Contents IndexTemporary tables used in query processing Monitoring database performance

User's Guide
   Part III. Using SQL Anywhere
     Chapter 21. Monitoring and Improving Performance
      How the optimizer works

The database engine has an optimizer that attempts to pick the best strategy for executing each query. The best strategy is the one that gets the results in the shortest period of time. The optimizer determines the cost of each strategy by estimating the number of disk reads and writes required. The strategy with the lowest cost is chosen.
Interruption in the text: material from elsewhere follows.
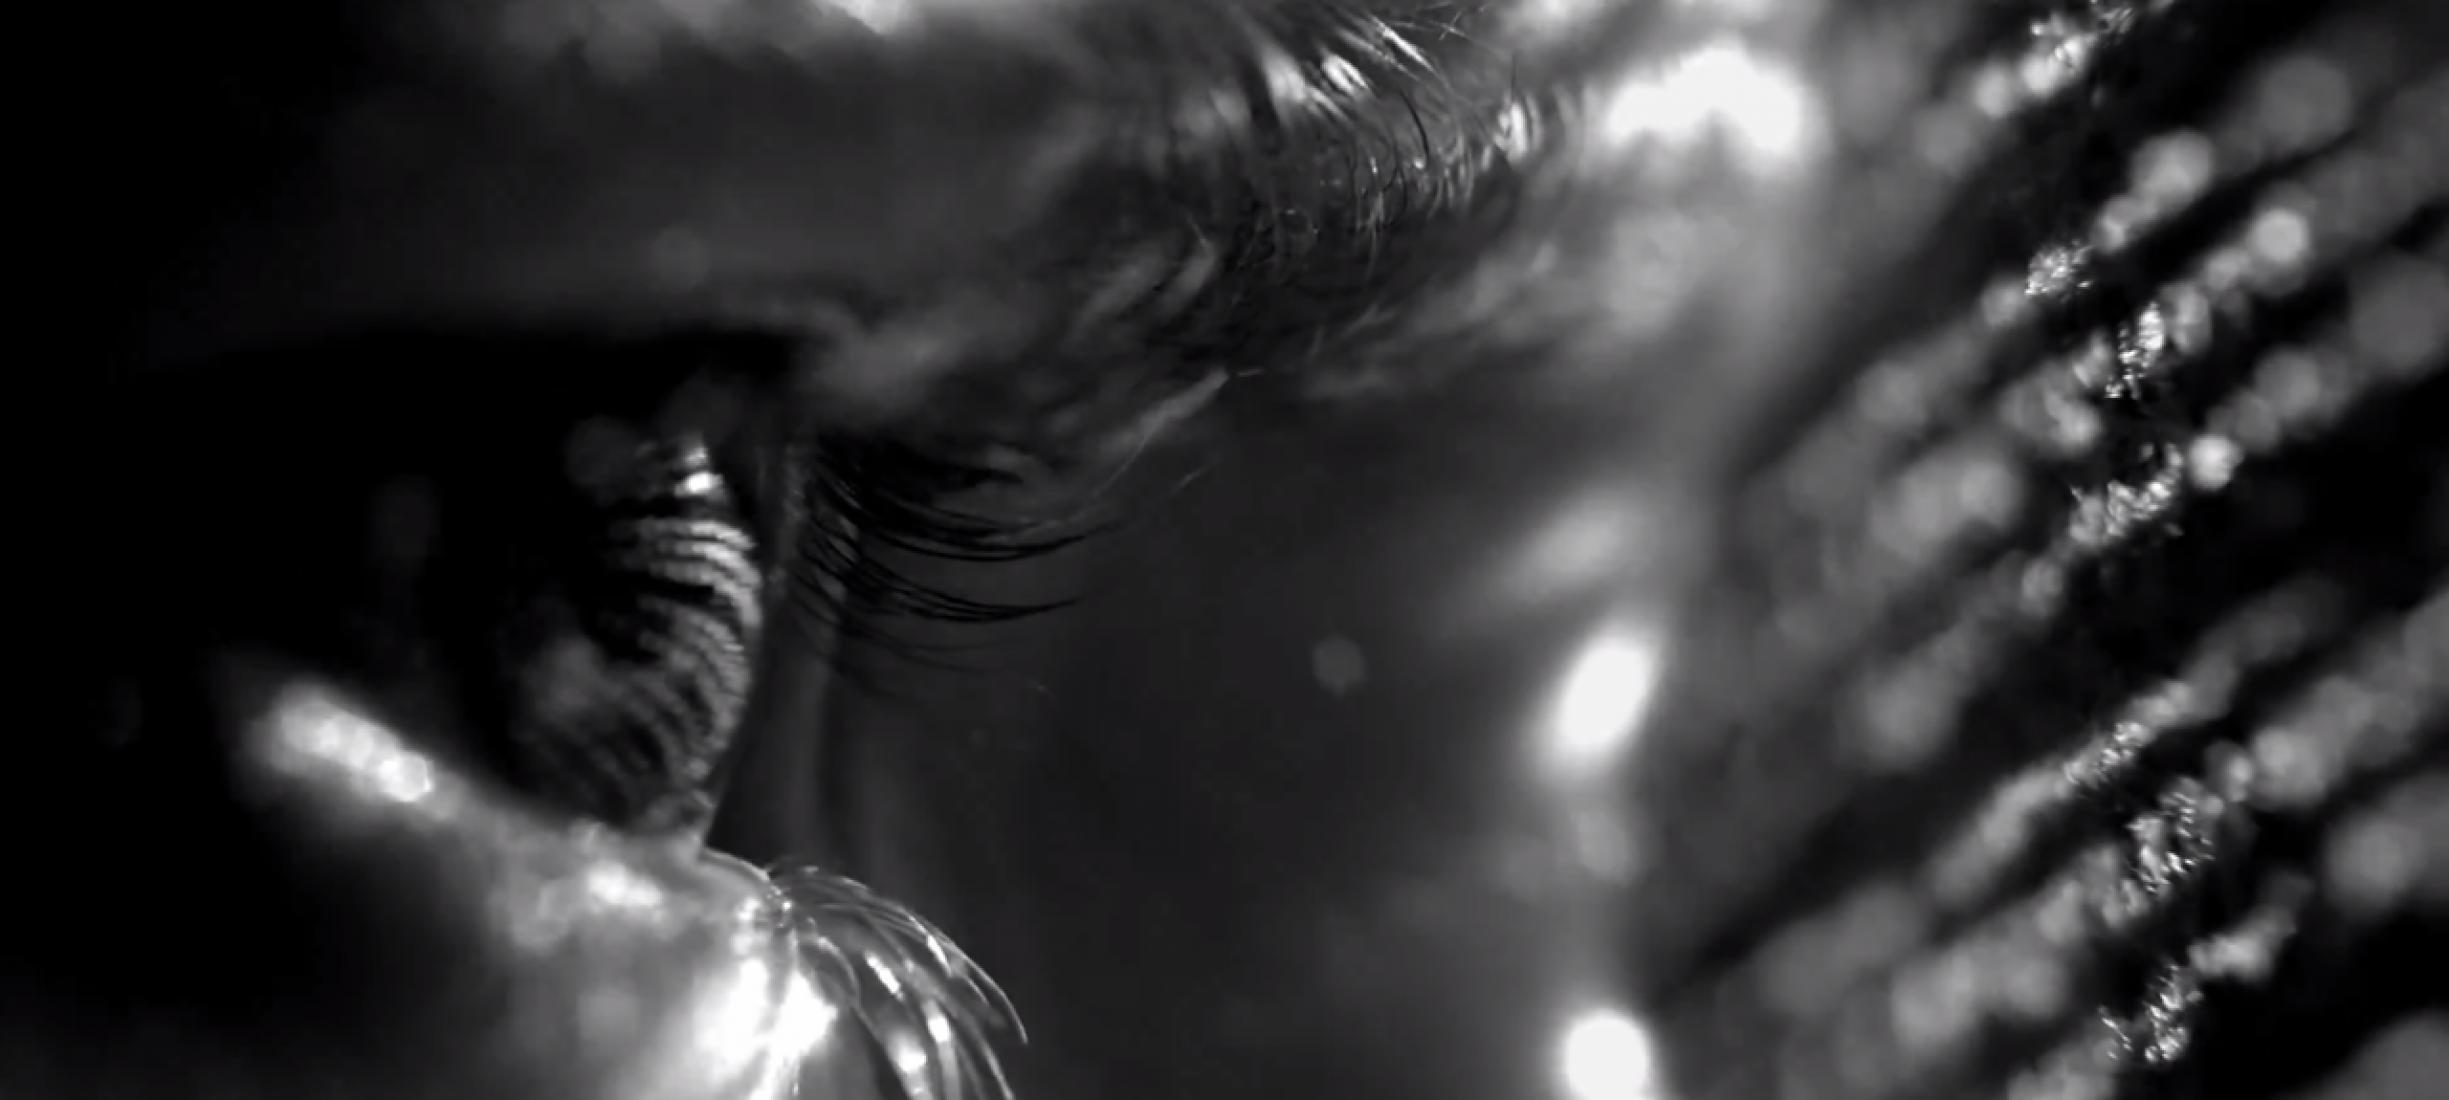 KCPK, ''BetterKCPK, ''Better Love'' video screen shot, photo by Mathieu Cesar.  Love'' video screen shot, photo by Mathieu Cesar

The optimizer must decide which order to access the tables in a query, and whether or not to use an index for each table. If a query joins N tables, there are N factorial possible ways to access the tables. The optimizer will estimate the cost of executing the query in the different ways and use the ordering with the lowest cost estimate. The query execution plan in the ISQL statistics window shows the table ordering for the current query and indicates in parentheses the index that was used for each table.

Top of page


Optimizer estimates

The optimizer uses heuristics (educated guesses) to help decide the best strategy.

For each table in a potential execution plan, the optimizer must estimate the number of rows that will be part of the results. The number of rows will depend on the size of the table and the restrictions in the WHERE clause or the ON clause of the query.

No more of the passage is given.